The Viking Ship Museum display of the Oseberg craft is quite dramatic. Unfortunately, the widower-father Sigurd Svendsen has essentially talked himself out of a job there with all his crazy theories. However, when his reckless co-worker Allan discovers a corroborating artifact, Svendsen packs up his petulant daughter Ragnhild and devoted son Brage to spend their summer vacation scouring for more runes in exciting Finnmark.

Naturally, Ragnhild is not too thrilled about these plans, but the spectacular scenery briefly shuts her up.
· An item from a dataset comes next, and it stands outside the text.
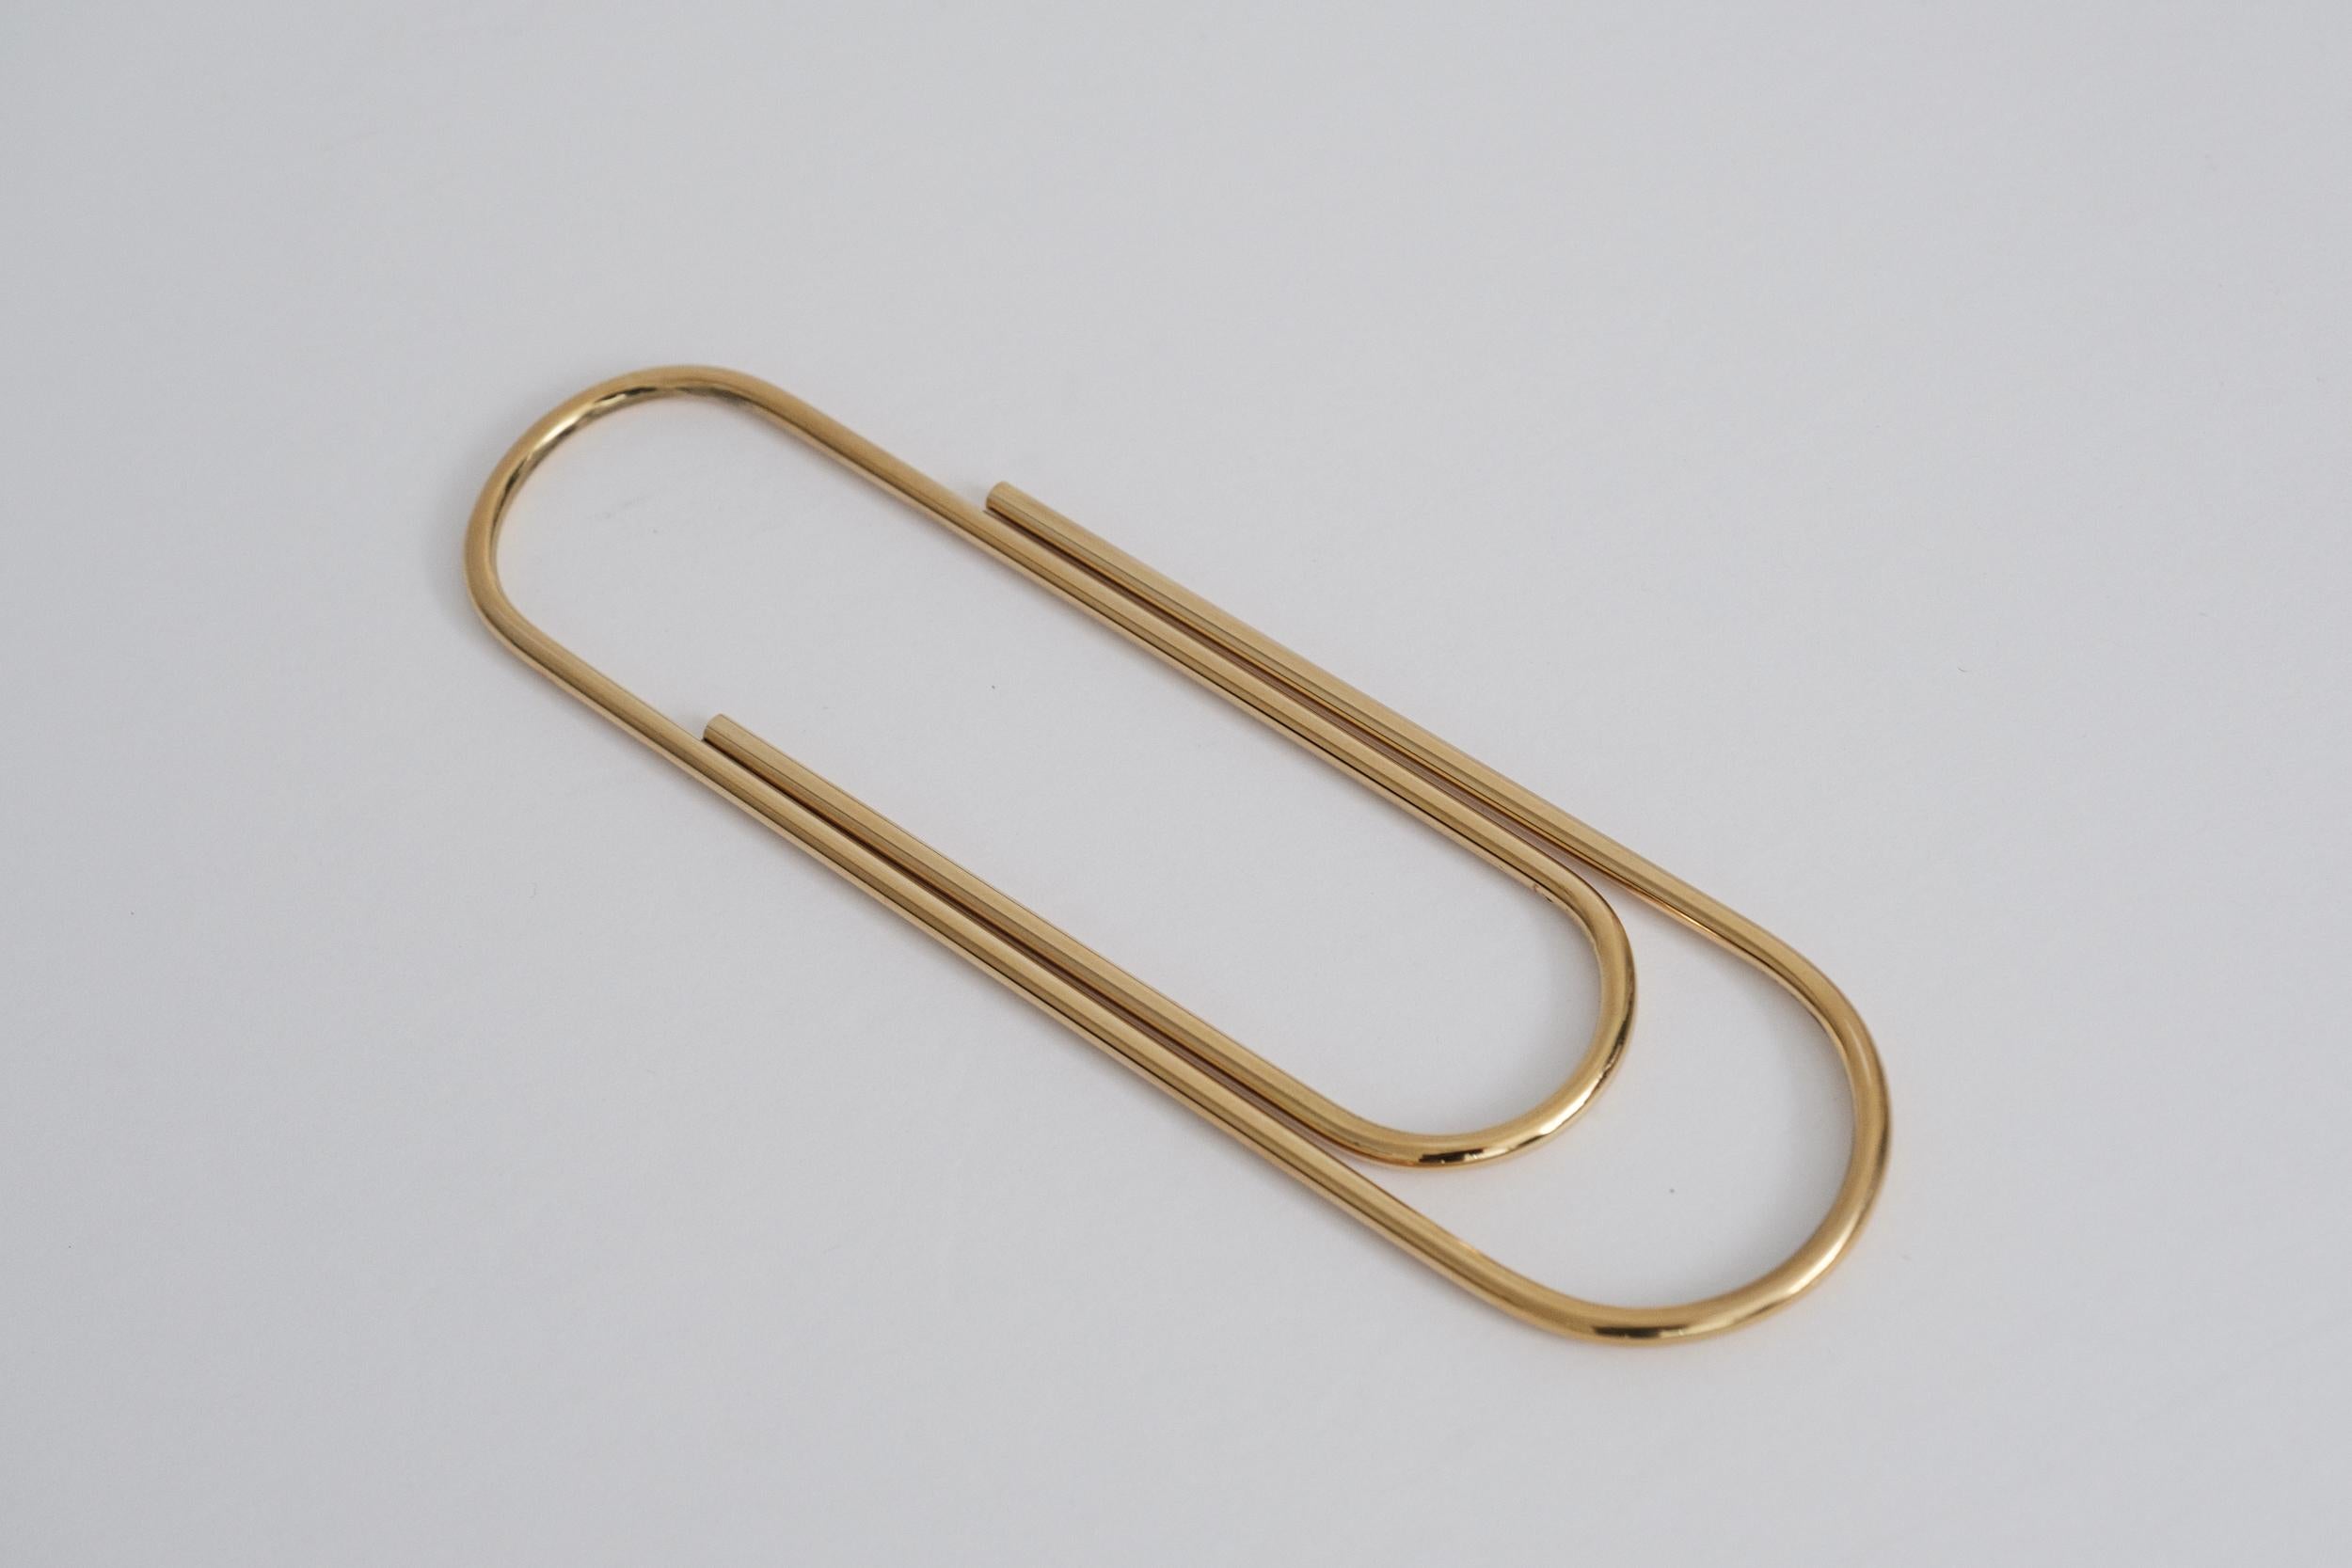 Large Carl Auböck Model #4751 'Paperclip' Brass Paperweight For Sale 3

They quickly meet up with Elizabeth, Allan’s “cool chick” colleague, and their hard drinking guide Leif, who is clearly just itching to yell “throw me the idol and I’ll throw you the whip.” There are headed towards Odin’s Eye, an island in the middle of former Soviet border outpost, where viewers know Queen Åsa’s father met with a painful death centuries ago in the prologue. Could there be some truth to the legend of the Midgard serpent Jörmungandr? That might explain why there’s a snake on the poster.

Frankly, one of the best things about Ragnarok is the setting. The suspiciously deserted Soviet military base is pretty creepy and the Odin’s Eye isle is worthy of a Peter Jackson Tolkien movie. Unfortunately, the creature effects are completely lacking the awe factor. Worse still is all the Svendsen family drama we have to sit through.

From "Ragnarok."

Apparently, Pål Sverre Hagen is Norway’s go-to actor for adventurous academics, following-up his portrayal of Thor Heyerdahl in the Oscar nominated Kon-Tiki with his turn as Svendsen. He is appealing earnest as the naïve archaeologist and he develops some pleasantly flirtatious chemistry with Sofia Helin’s hip and sporty Elizabeth. However, the kids are like fingernails on a blackboard.

Given the success of Marvel’s Thor franchise and History Channel’s Vikings, it is not surprising Norse mythology is getting a look-see from more filmmakers. Sandemose certainly proves fjords are strikingly cinematic, but he never fully capitalizes on the Ragnarok mythos or the Oseberg backstory. Instead, he concentrates on emulating the most annoying parts of Jurassic Park. There are moments of promise in Ragnarok, but it never comes together, at least not for reasonably adult audiences. Nevertheless, it is now available for Norse mythology fans to try on VOD from Magnolia/Magnet. It also opens theatrically next Friday (8/22) in Santa Fe at the Jean Cocteau Cinema.


Posted on August 15th, 2014 at 12:14pm.